Whenever a picture appears in the data, skip it and write out all other material exactly.

• **Given material**:

——

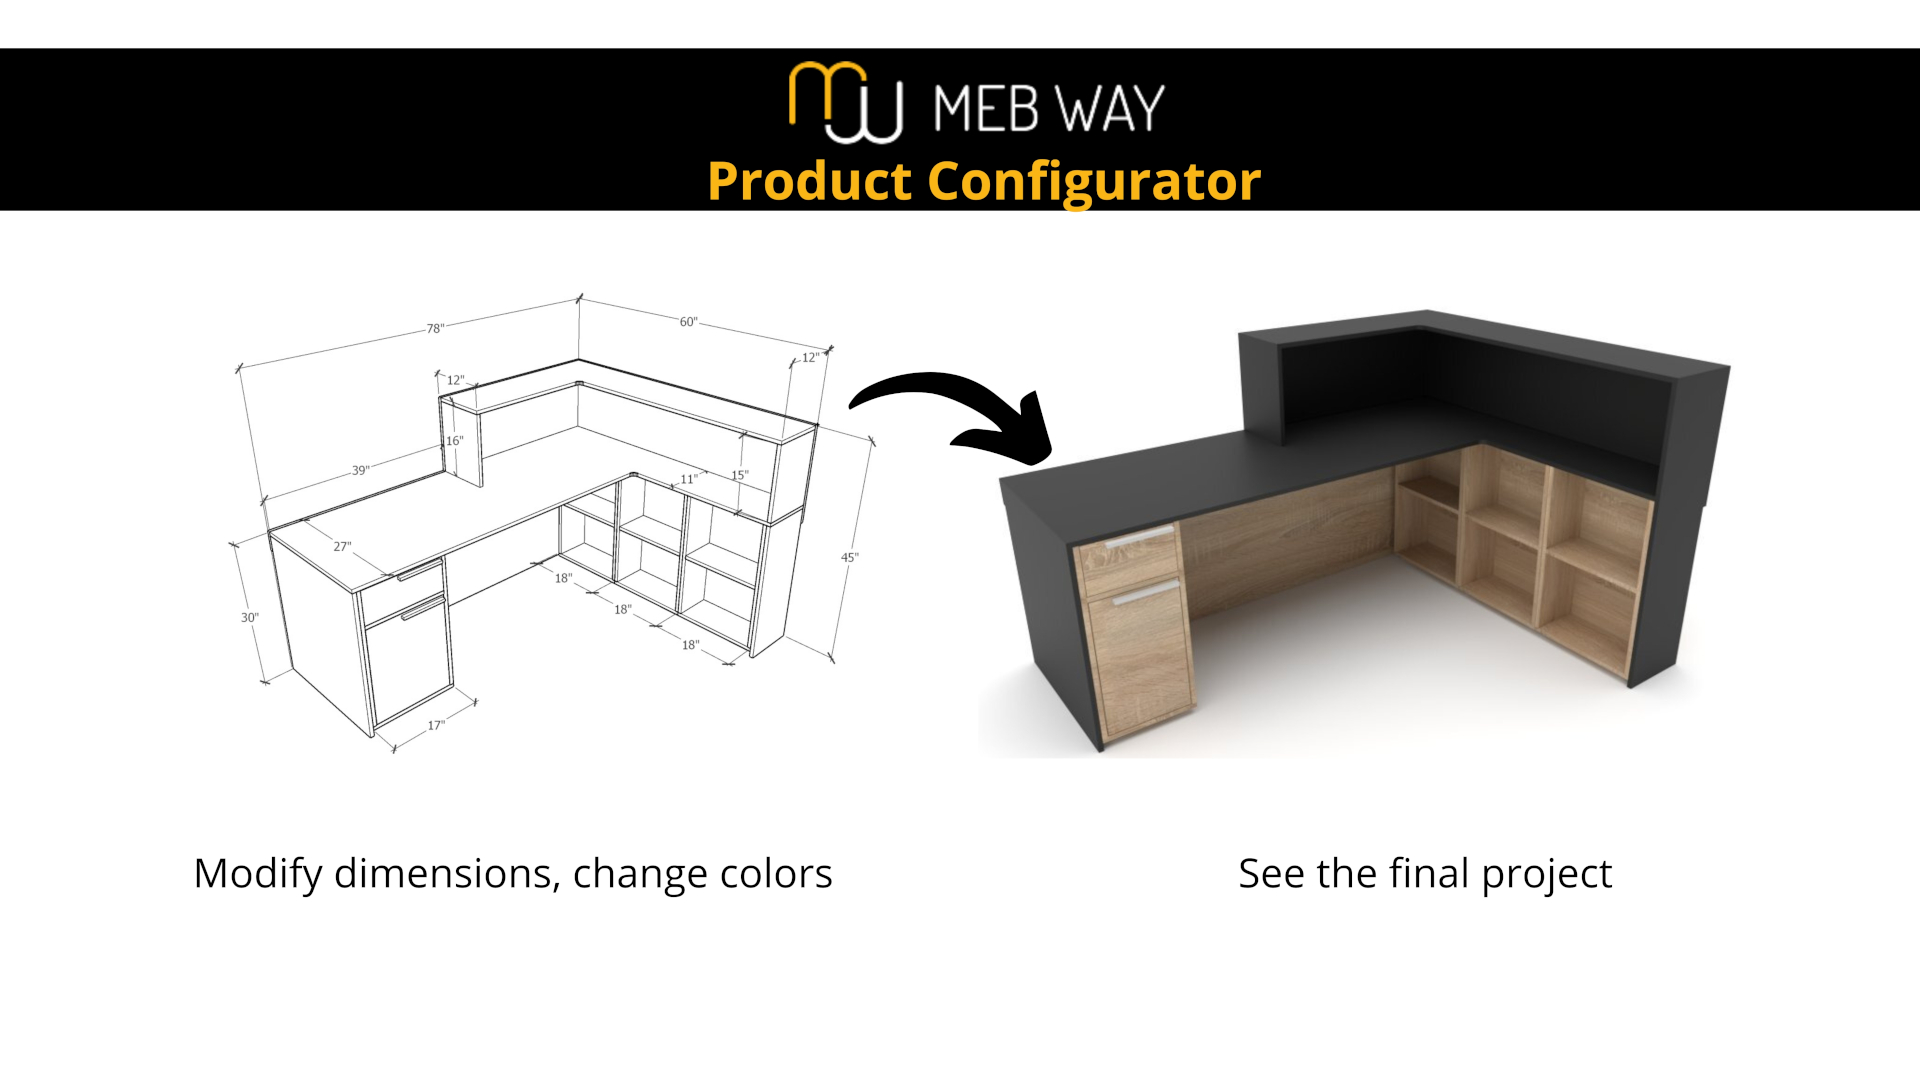 Product Configurator in the Office Furniture Industry: Customized Solutions for Your Office
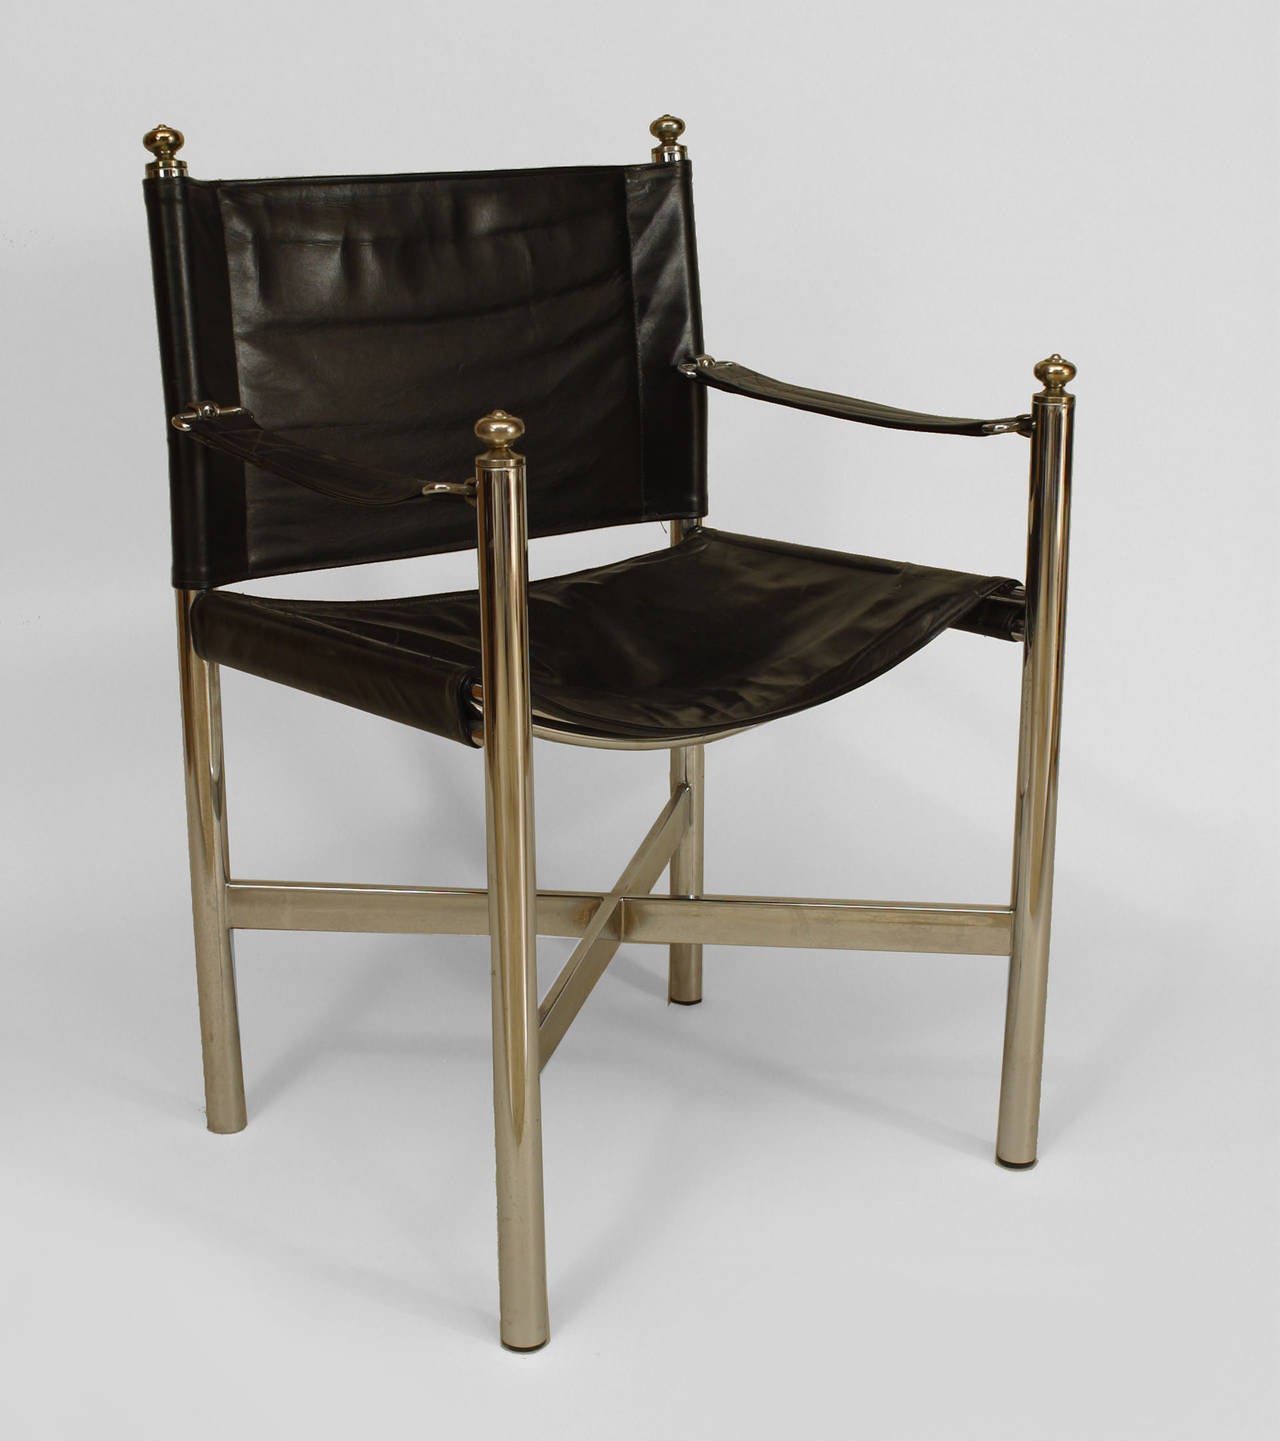 Pair of American Art Moderne chrome framed, brass trimmed arm chairs with
black leather seat, back and arms.

——

• **Solution to this exercise**:
 Product Configurator in the Office Furniture Industry: Customized Solutions for Your Office
 Pair of American Art Moderne chrome framed, brass trimmed arm chairs with
black leather seat, back and arms.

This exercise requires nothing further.